In the book, father and son tackle mandatory subjects, like sex and drinking, that they didn’t get around to when Willie was growing up.
Bill Geist was diagnosed with Parkinson’s disease 30 years ago but kept it quiet for as long as he could. Willie wrote in their book that he was told of his father’s diagnosis by his mother and, even then, only after the symptoms were apparent. A self-described private person, Bill Geist publicly confirmed his condition in 2012 and retired from CBS in 2018.
“He didn’t make a big show of living with Parkinson’s,” Geist said of his father. “He kept working. I really did draw inspiration from watching how he just didn’t stop.”
That inspiration led Willie to run in the New York City Marathon last November. For a guy who had never jogged more than a mile-and-a-half at one time, the training was rigorous. To stay focused, he took a Sharpie and wrote the word “dad” on his arm.

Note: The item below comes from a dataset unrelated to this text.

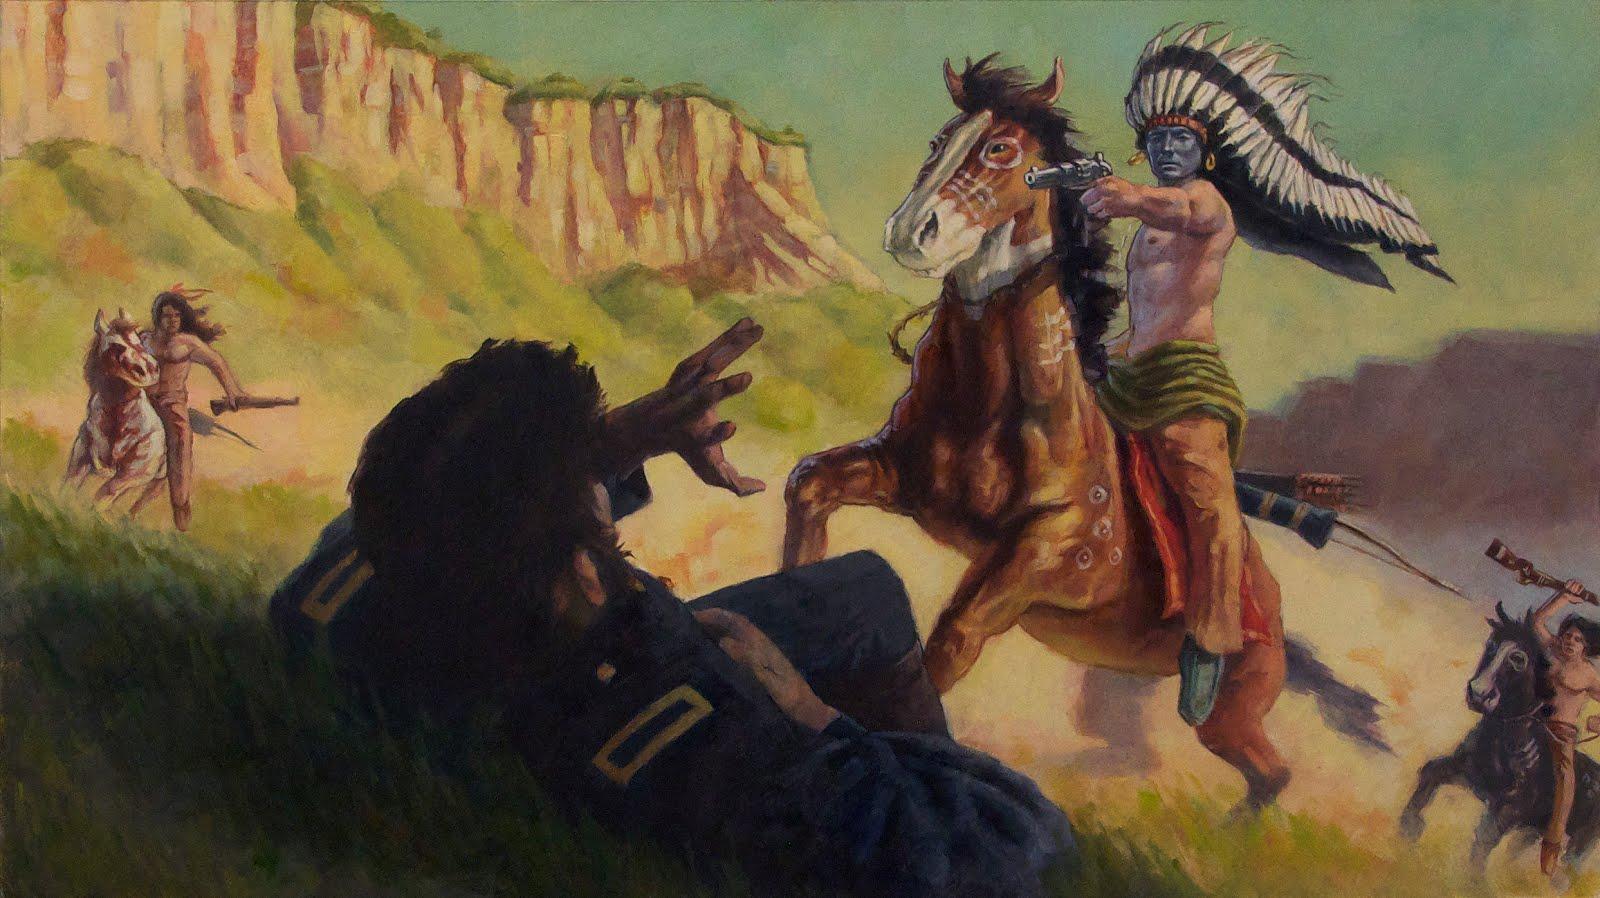 bernard lee illustration: March 2012
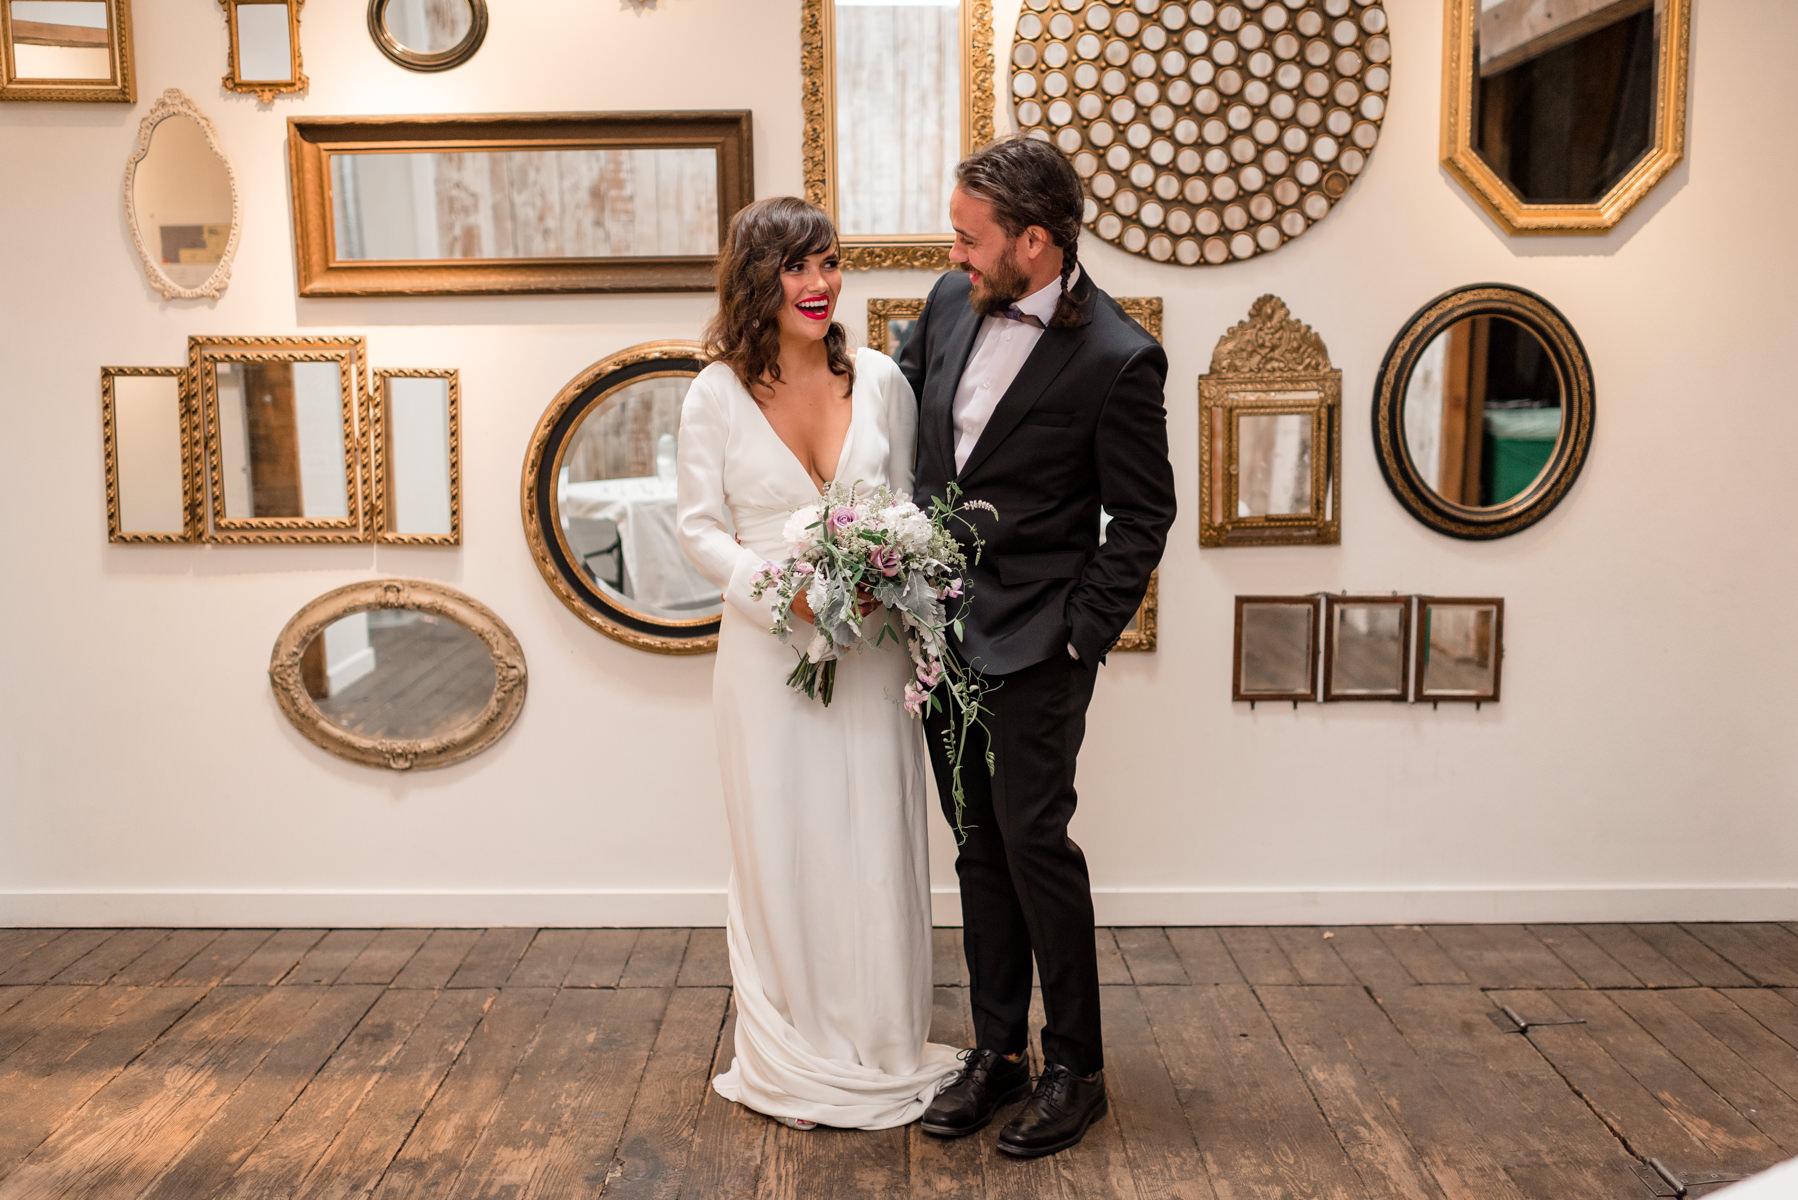 Andrew Tat - Documentary Wedding Photography - WithinSodo - Seattle, Washington -Hilary & Zach - 03.jpg

“I dug in and I committed to it,” Geist said. “We raised over a half-million dollars in small donations. That was all for my dad and because of my dad.”
Wright praised Geist for his coverage of the Russian attack on Ukraine. “He is, I think, the best person at NBC,” Wright said. “He’s authoritative. He’s not pushy. But he can handle all different kinds of people.”
The civic association awarded its 2022 William J. “Bill” Brooks Community Service Award to Gail Coniglio, who stepped down as mayor last year after 10 years at the post.
Coniglio, who now chairs the Planning and Zoning Commission, praised the late Town Council member for whom the community service award is named. Brooks “stood larger than life and planted deep roots in our community,” she said.
The breakfast was sponsored by Florida Crystals Corporation, represented at the event by Pepe Fanjul Jr., its executive vice president and a civic association director.